We chose to record the maximum dimension of bruises, together with their site and shape. We believed that measuring the area of a bruise would prove practically difficult and might involve considerable error. Our method proved easy to use and produced results which give an important description of the extent of bruising in abused children.
The extent of bruising appears to be a good discriminator between children who were abused and those who were not. Bruising in a region such as the head and neck is a better discriminator than that on the limbs, as it is seldom present in non-abused children; we noted a greater extent of bruising to the left ear and left side of the face, possibly reflecting that the majority of adults are right handed. It appears to be most effective, however, to combine the results from different regions. Because of the lack of independence of different regions, this is more easily effected by a scoring system than by developing multivariate probability models for the joint distributions in abused and non-abused children.
We have shown that such a score can be developed by logistic regression analysis, using the lengths of bruising in the various regions and that it can help to differentiate between abused and non-abused children. A clinician would, before performing a clinical examination, estimate the prior probability of abuse in the clinical situation where the child is examined. A bruising score would be calculated and then a table, such as table 3, would be consulted to estimate the posterior odds of abuse. As this table shows, the prior probability can have a considerable impact on the posterior odds and its specification is obviously important; Healy,9 and Spiegelhalter and colleagues10 are among many authors who have discussed this. Here it would be based on past experience of children referred by different routes and of the case history. The values in this table were chosen to represent the range, which might be plausible in a variety of clinical situations, and were not meant to be definitive in any sense, but they illustrate interesting points. For example, from table 4 we can see that it is unlikely that a child with a score of 20 had been abused, whatever the prior probability, while unless the prior probability is very low a score of 100 is highly likely to indicate abuse.
We have tested the use of the score in distinguishing between abused and non-abused children using the study sample on which the scoring system was derived. This procedure has some bias and will tend to give over optimistic results. We are gathering more data on appropriate children and will test it on those once available. This should give a more realistic measure of its effectiveness in practice and also give information about the robustness of the scoring system.

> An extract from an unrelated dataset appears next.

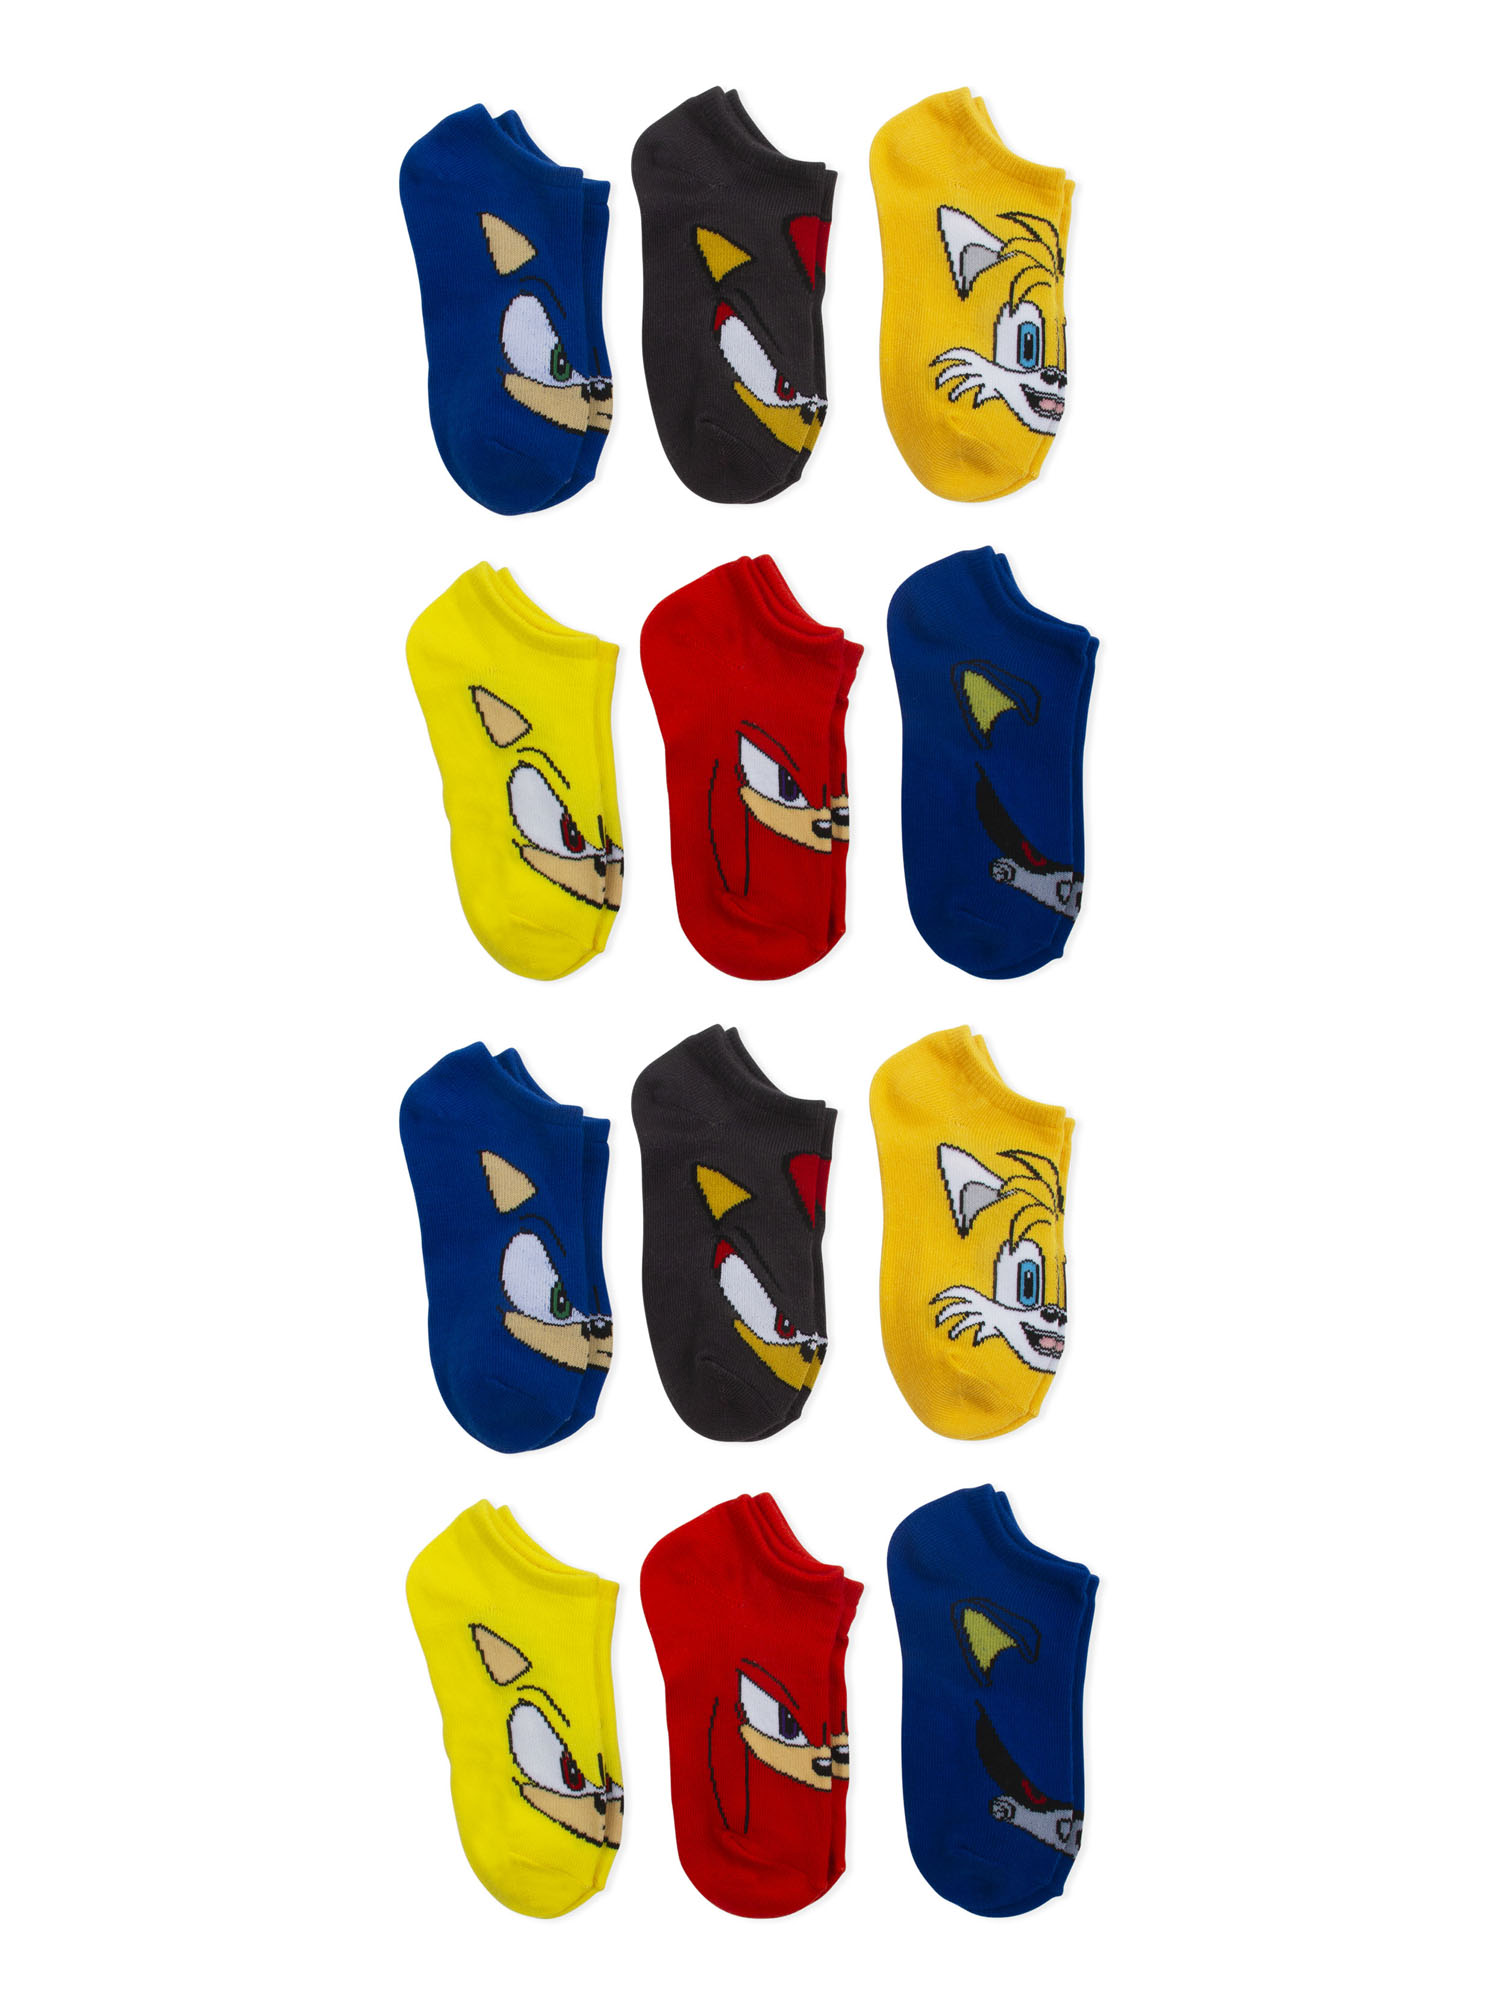 Sonic the Hedgehog Boys Socks, 12 Pack No Shows Sizes S (4.5-8.5) - L (3-9) - image 1 of 2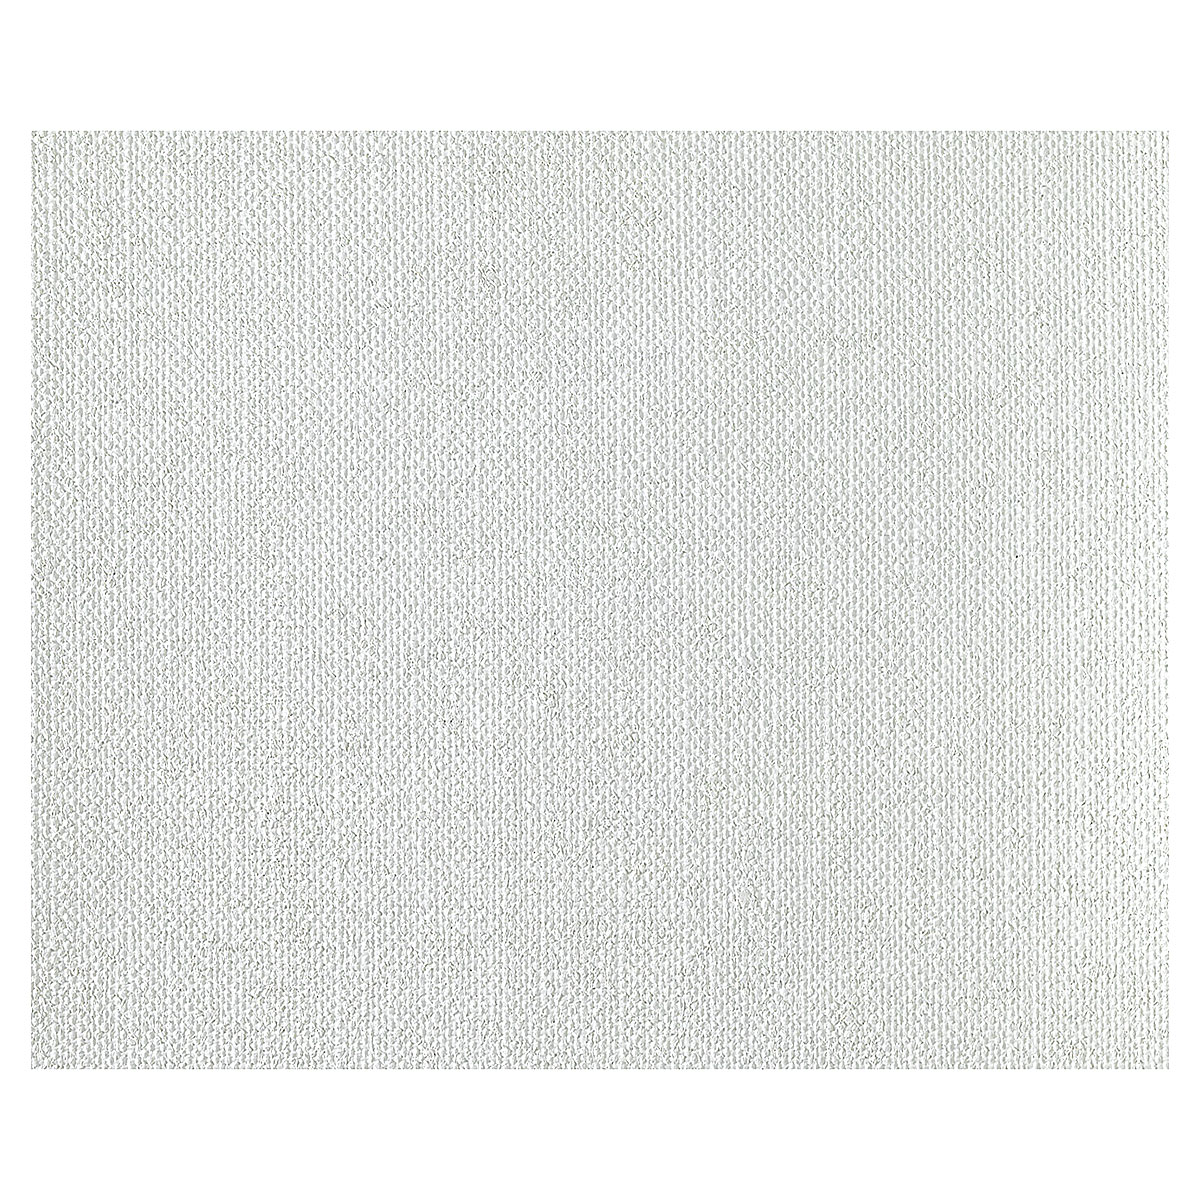 Loxley Canvas Roll – 100% Linen Clear Primed – loxleyarts.co

Use of such a scoring system must clearly be cautious. In particular, in calculating the posterior probability of abuse, the value taken for the prior probability is very important and it is essential that due thought be given to this. We do not see this score as replacing the complex qualitative analysis of the diagnosis of abuse that clearly includes history as well as examination, but feel it will be a useful aid to the clinician. However, we do see it as the beginning of the development of an important aid in this process. Indeed, it could be added to such a qualitative analysis.
We thank the Wellcome Trust for the initial funding of this project. We also thank the NSPCC for supporting our work on the preparation of this paper.